Feature Articles—October 2009 Issue
Autonomous Daily CTD Profiles Between 3,700 Meters and the Ocean SurfaceA Moored CTD Profiling Installation Covers the Complete Water Column Between the Deepsea Ocean Floor and the Ocean Surface
By Dr. Gereon Th. Budéus
Senior Scientist,
Physical Oceanography
and Instrument Development
Alfred Wegener Institute
for Polar and Marine Research
Bremerhaven, Germany
In the summer of 2008, an autonomously profiling moored installation was successfully established to provide conductivity, temperature, depth (CTD) measurements between the deepsea ocean bottom and the surface for an entire year. It was moored in the subarctic waters of the Greenland Sea at about 75° N and 4° W, where the ocean is roughly 3,700 meters deep.

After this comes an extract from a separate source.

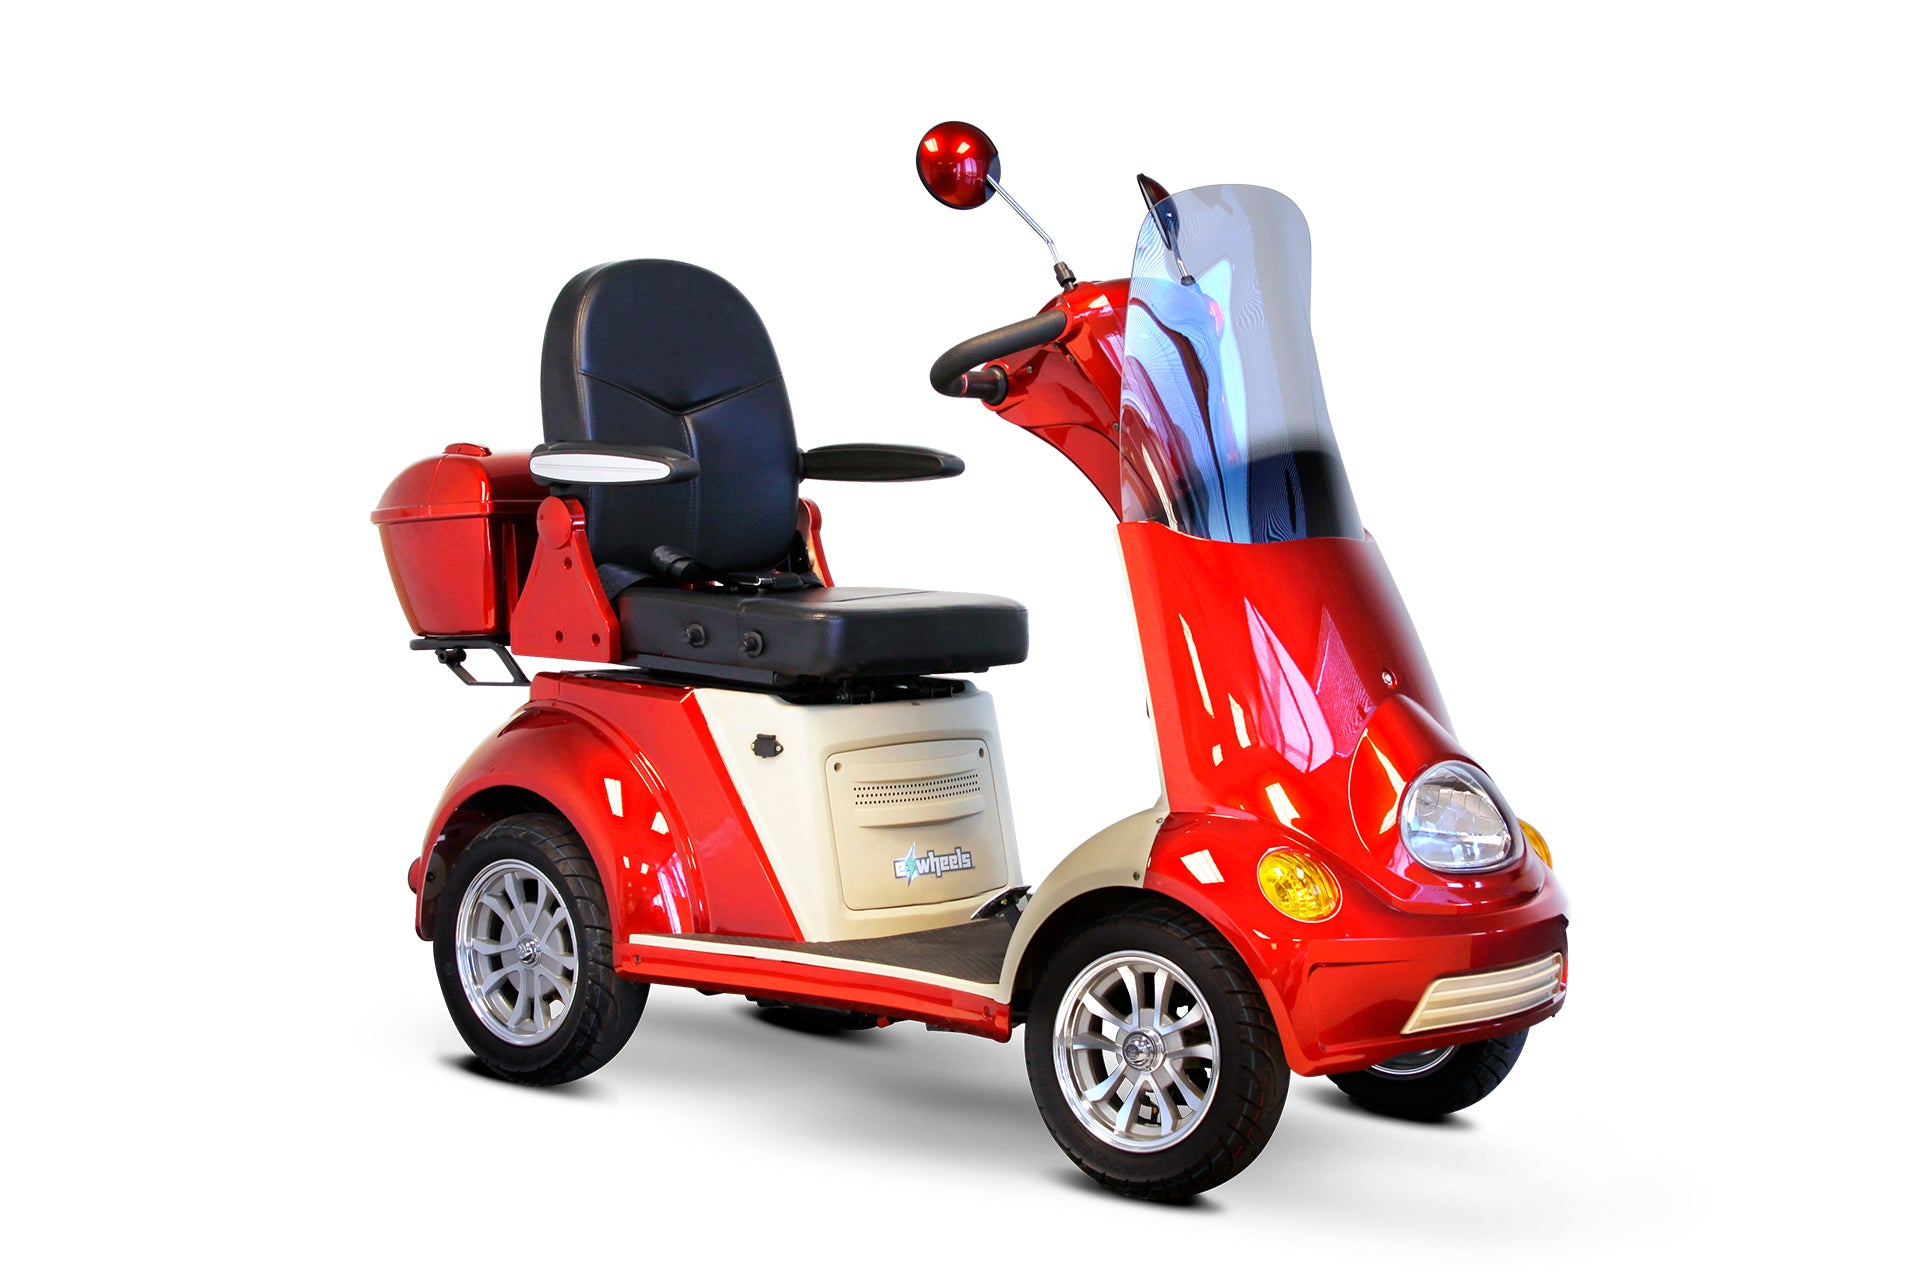 eWheels - 4 Wheel - Recreational Mobility Scooter - 500lbs Weight Capacity - EW-52

The installation aimed to provide daily profiles over the entire depth range.
Oceans exhibit a complex multiscale and variable vertical structure that classical in-situ measurements cannot resolve. Detailed profiles can be obtained from a ship only at very specific times, fixed instruments can record continuously only at discrete points in the vertical column, and moored deepsea profilers cannot operate in the uppermost ocean layer or reach the ocean surface. Drifters and floats are restrained closely to the initial water package into which they have been deployed and can perform only comparatively few profiles, and satellites are of little help as they can only observe the ocean surface, since the ocean is opaque to electromagnetic waves.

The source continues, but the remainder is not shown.